Алексей Толстой
ОБОРОНА ЦАРИЦЫНА
Царицын стоит на голых, выжженных солнцем холмах по правому берегу Волги. За городом начинаются бурые степи, перерезанные пересыхающими речками и глинистыми оврагами. На север — вдоль реки — тянутся лесопильные заводы и слободы, где живут тысяч двадцать рабочих лесного и сплавного дела и всякие люди, бродящие летом по Волге в поисках заработка. На юге за городом крупные заводы — орудийный и французский металлургический.
Царицын был промышленным и торговым центром всего юго-востока. Через него шел хлеб, и скот, и нефть, и рыба с Каспия. Воображение отказывалось представить себе место, менее похожее на столицу. Город — дрянной, деревянный, голый, пыльный. Бревенчатые домишки его слобод повернуты задом — отхожими местами — на роскошный простор Волги, а пузырчатыми окошечками — на немощеные улицы, спускающиеся с холмов в овраги.
Лишь из центра несколько улиц, кое-как утыканных булыжником, размываемых потоками, прожигаемых солнцем, ведут к замусоренному берегу Волги, к пароходным пристаням, складам, дощатым балаганам и лавчонкам с квасом, кренделями, вяленой таранью, махоркой и семечками.
В центре города, как полагается, на большой площади, где бродят пыльные смерчи, высился, чтобы быть видным за полсотни верст, кафедральный собор.

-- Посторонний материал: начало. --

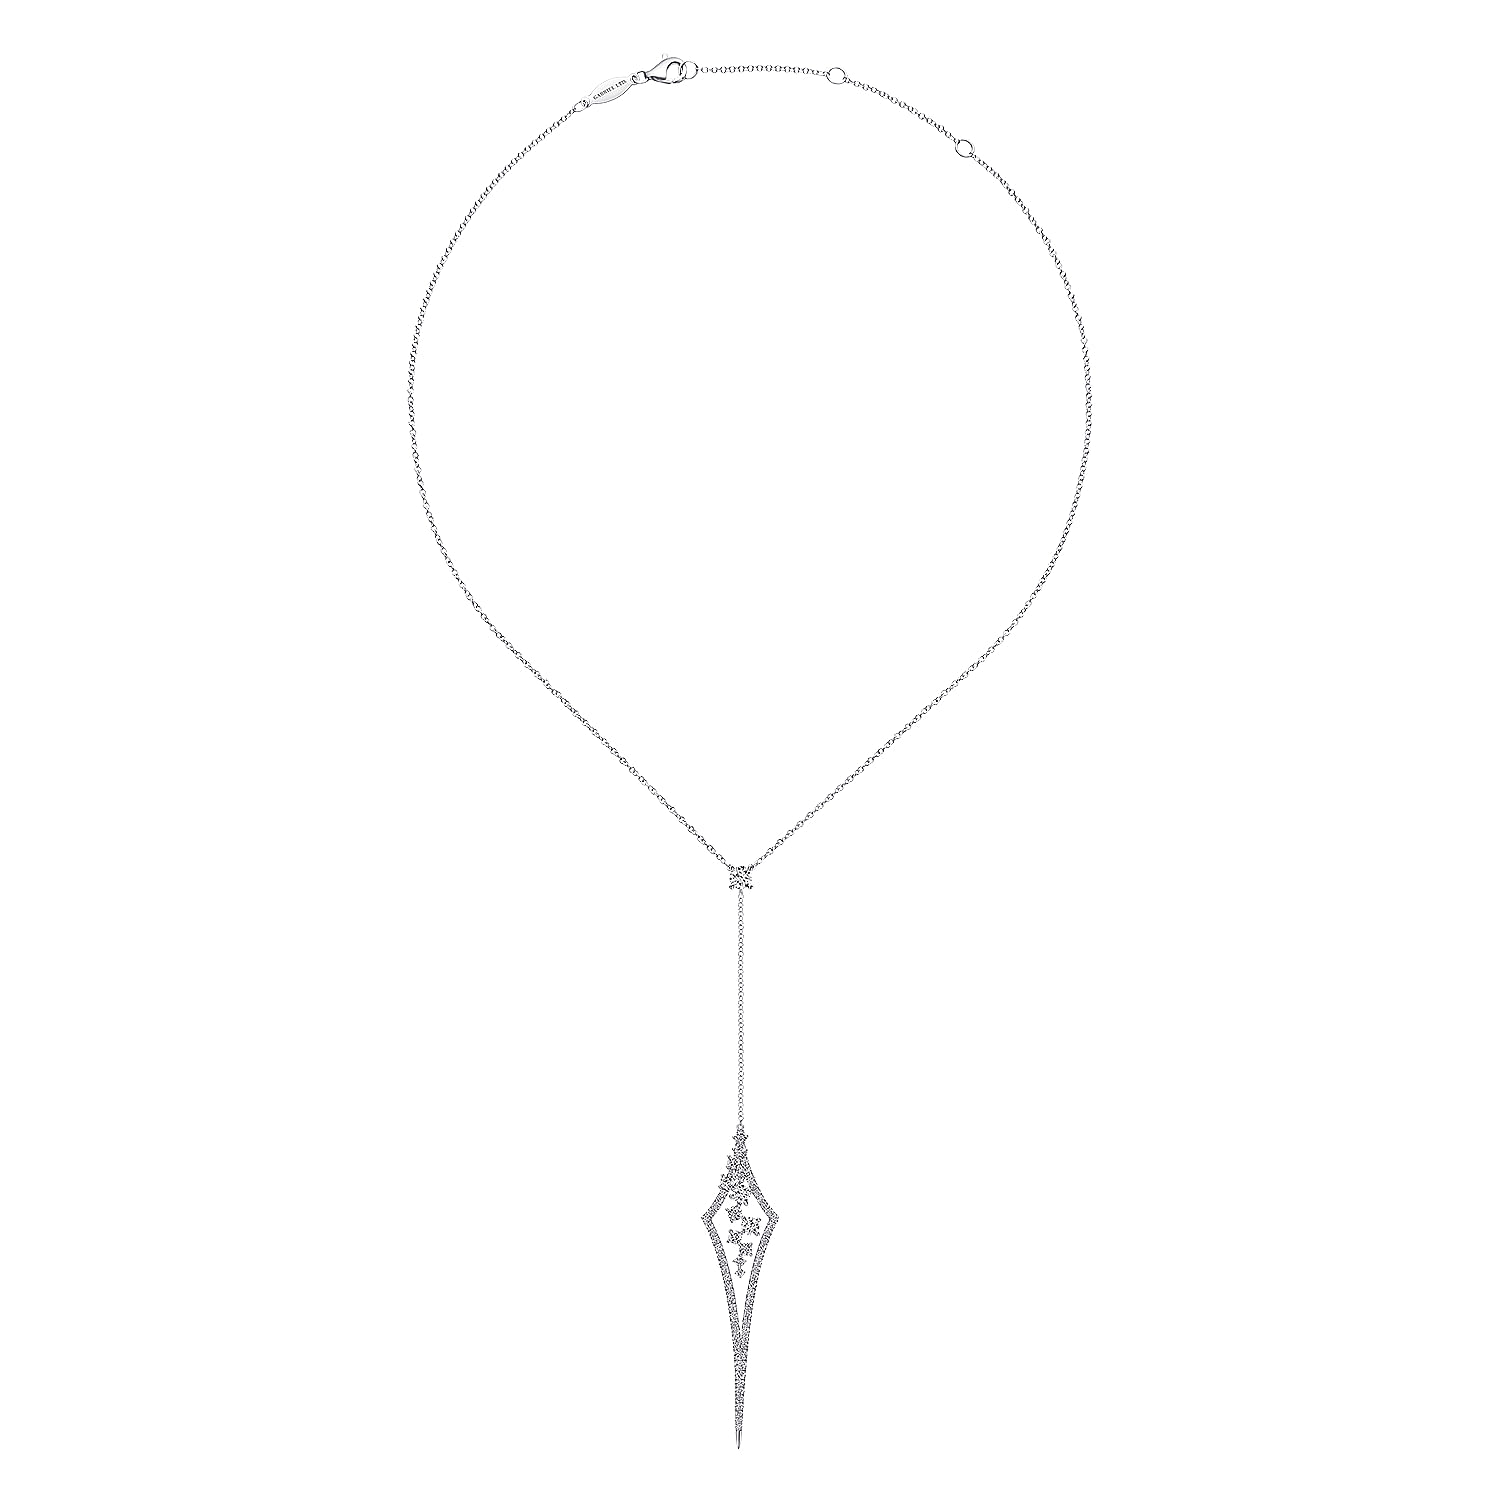 18K White Gold Y Necklace with Cluster Diamond Kite Pendant

У церковной изгороди, под общипанными кустами акации, блестело битое стекло винных бутылок да спали оборванцы. Площадь окружали безобразные каменные дома еще недавно именитого купечества. Во все стороны тянулись улицы с телеграфными столбами вместо деревьев. Их перспективы, — где человеческая радость так же должна была высохнуть, как эти аллеи сосновых столбов, — низились и нищали от центра к окраинам.
Лишь одно место было отведено для скудных развлечений в вечера, не знающие прохлады, — бульвар из обломанной, покрытой пылью акации и такой же чахлый городской сад. Обыватели, расстегнув воротники русских рубашек, гуляли там, поплевывая семечками, пыля ногами в черных брюках, шутили с обывательницами.
В центре сада, в раковине, играл струнный оркестр — десяток евреев, бежавших от украинских погромов. Несколько высоко подвешенных керосиновых фонарей, окутанных облачками ночных бабочек, освещали непокрытые столики, где можно было получить пиво, шашлыки и чебуреки.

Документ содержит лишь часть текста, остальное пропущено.